Thursday, December 15, 2011

we sea beans and we eat them

Sea beans are one of those things - like many kinds of berries or mushrooms, like ramps, even like some cuts of beef - which are commonplace and cheap for 5% of the population, expensive and rare or unheard-of for the rest. Unlike strawberries, which can be grown big and styrofoamish and trucked across the country, huckleberries or sour cherries are too fragile for commercial freight; ramps, sea beans, and many black raspberries grow wild and are foraged rather than being raised commercially. Sea beans, like many of these things, have the additional expense-adding strike that they are somewhat perishable - while they won't go bad in refrigeration very quickly, they won't retain their texture as long.

Seabeans

They are normally bigger than what I have here - these are "micro sea beans," especially small and tender ones.
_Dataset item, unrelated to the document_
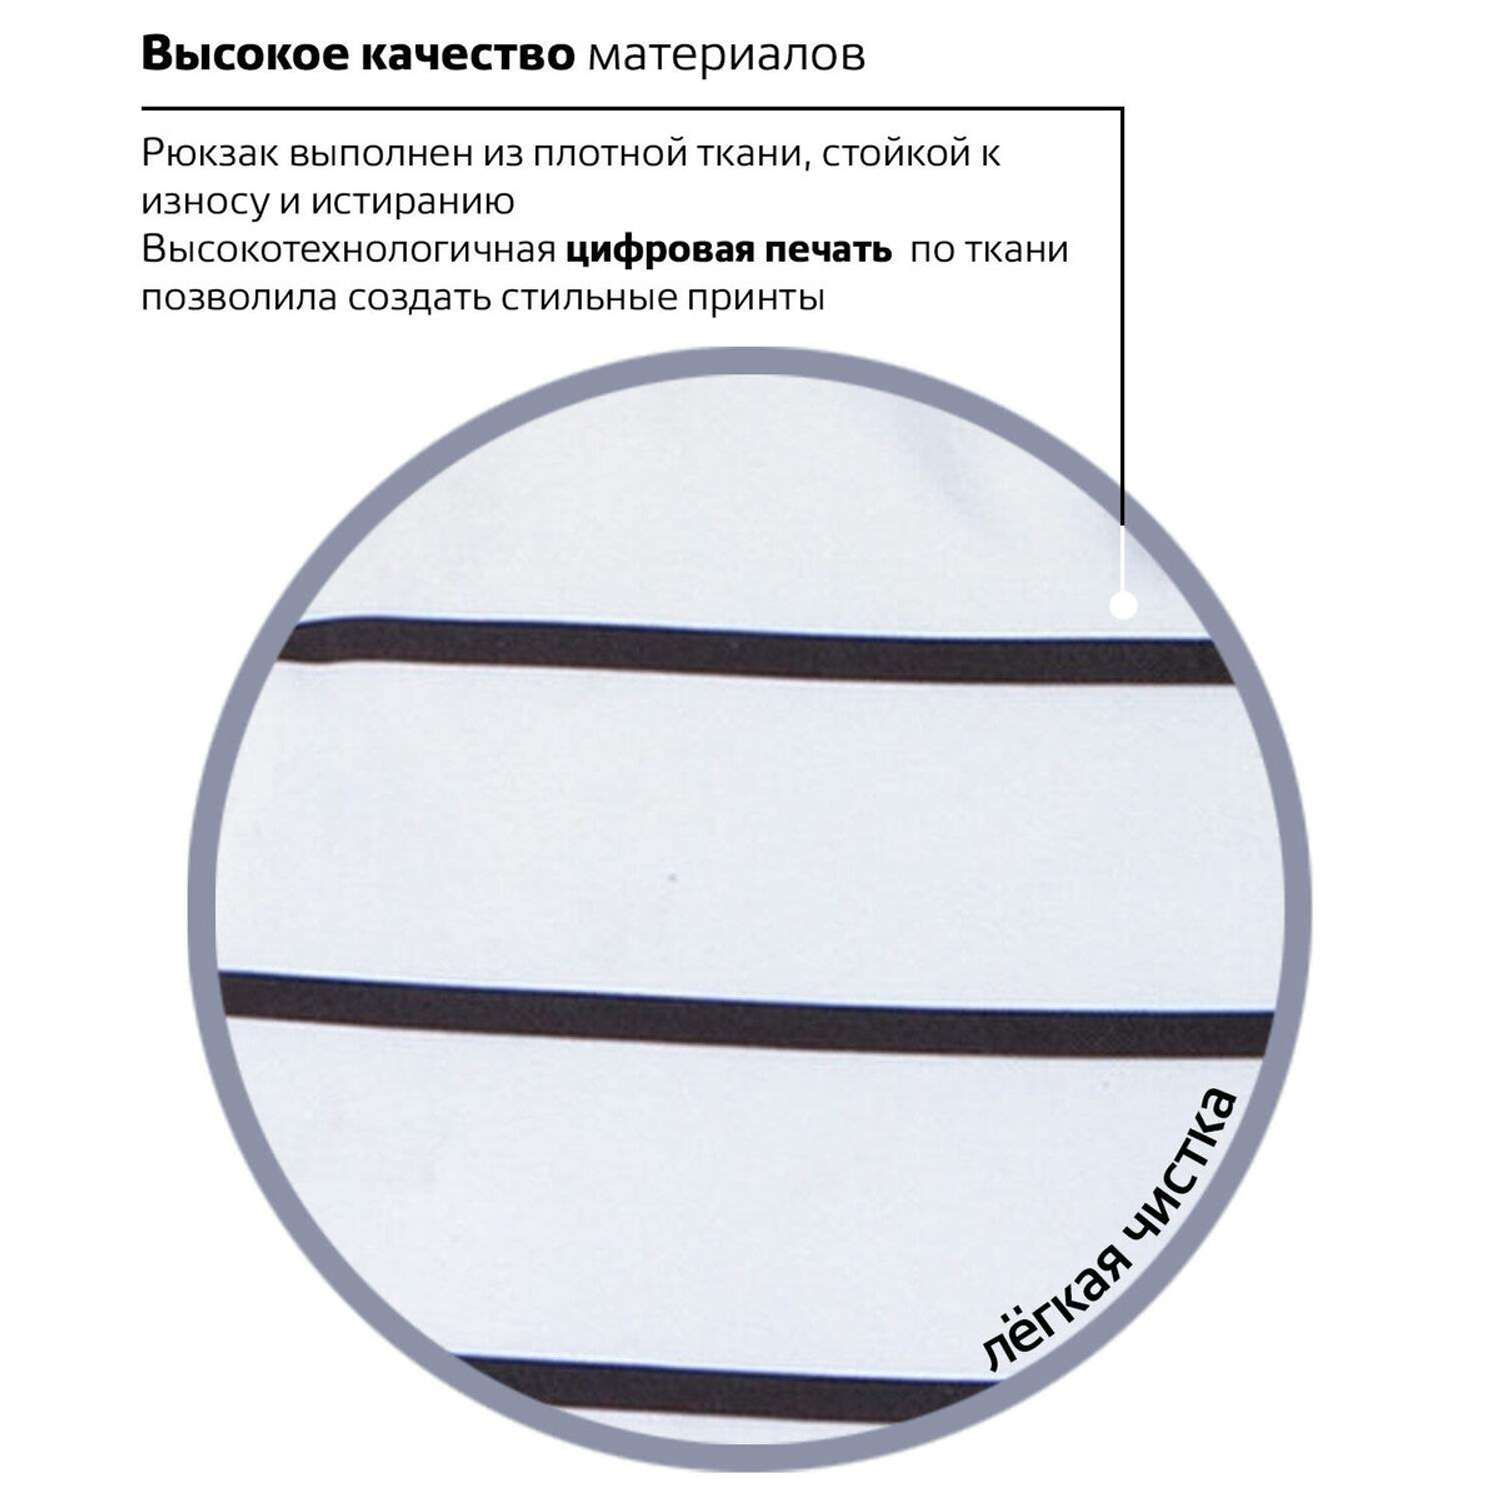 Рюкзак Brauberg универсальный сити-формат белый в полоску - фото 8
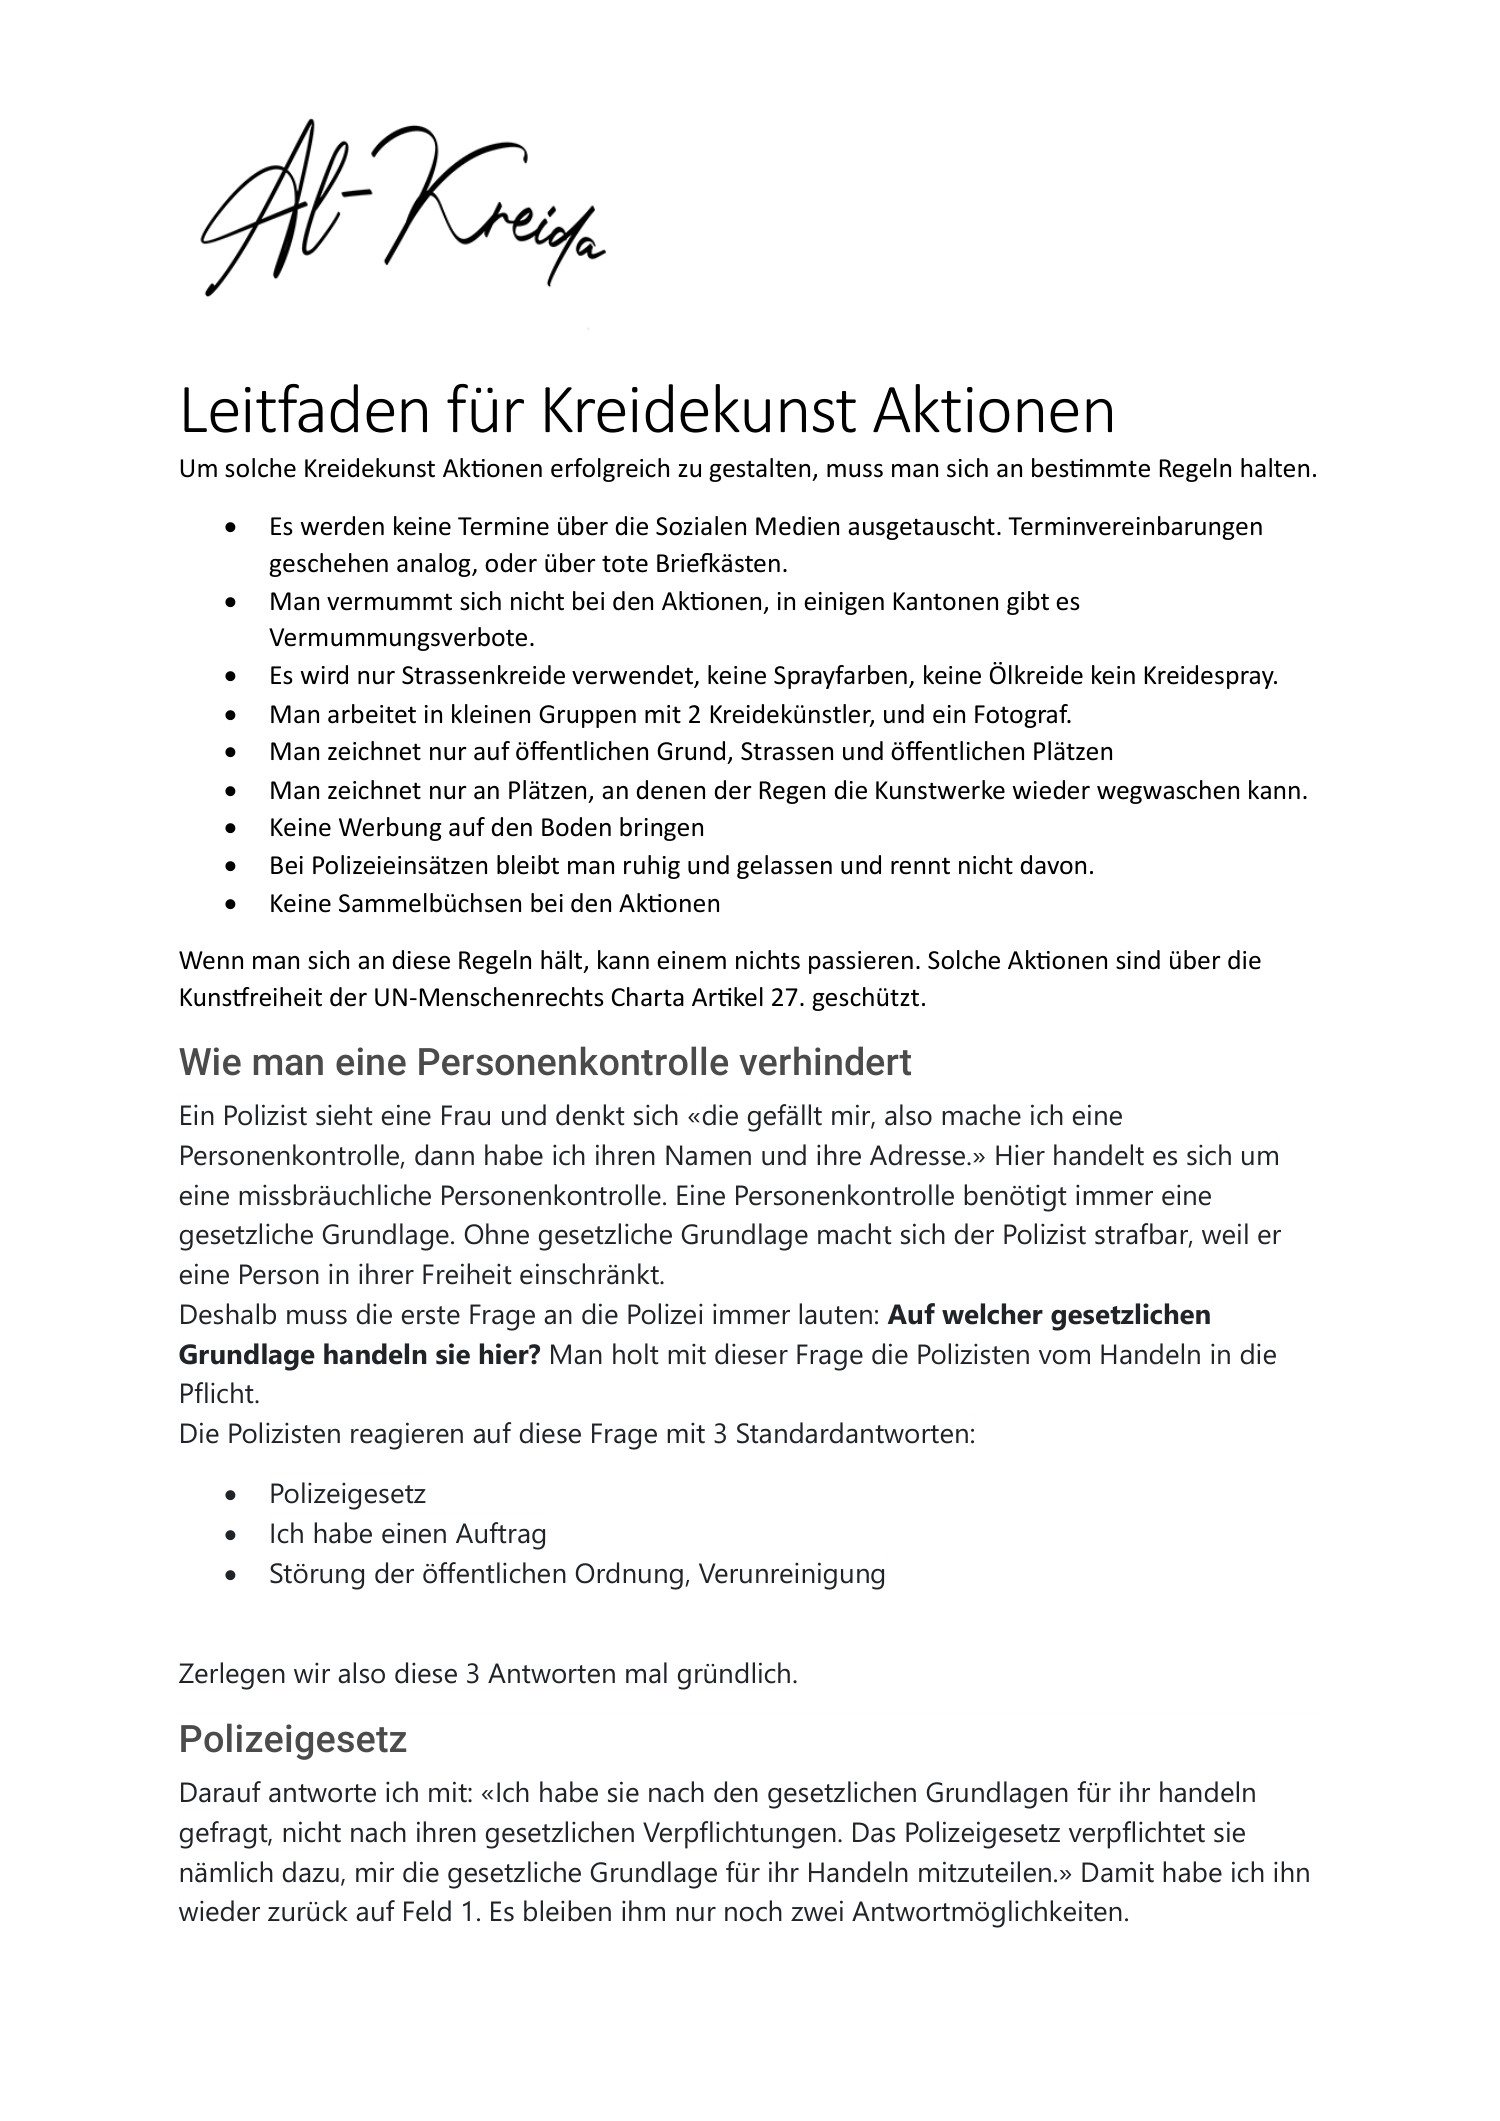 Leitfaden für Kreidekunst Aktionen-Al-Kreida.pdf

So you have the people who can simply walk outside and forage them for free, or pay a token amount to someone who's already done so, and can't imagine paying premium prices for them nor why they would show up on the menus of "gourmet restaurants." And you have the big middle, who's never heard of them. And you have the small percentage of people, probably about as big as the first group, who love them but don't have access to them, and are sometimes willing to pay that premium.

Seabeans
The reason sea beans are available in such a small part of the world is made pretty obvious by the name: they grow by the sea (or salt marshes), especially in the north. While "sea bean" sometimes means "drift seeds," in edible contexts we're talking about species of salicornia, sometimes called samphire, glasswort, or pickleweed. The "bean" they resemble is the string bean, not the shell bean, and they have a snappy crisp texture similar to haricots verts.

I love them. They're crisp, they're salty - the full-size sea beans can be too salty - and they have a slight marine flavor like seaweed, but not as pronounced. The combination brings up a thousand memories and associations, mainly with the ocean near my grandparents' house when I was a kid. I never had sea beans there, but the taste is a lot like the smell of being at the beach.

For lunch I'm just having them as an accent - more than a garnish - with ddukbokki:

Ddukbokki, seabeans
Ddukbokki, seabeans
Ddukbokki is just Korean ricecakes - dduk - with hot sauce. "Ricecakes" is a misleading term in American English - they're thick, chewy, nearly-neutral-flavored dumplings made from sweet rice flour, which soak up whatever flavors are around them (in this case a punishingly hot pepper paste). I'll have a post more specifically about them at another time - they're terrific with chili.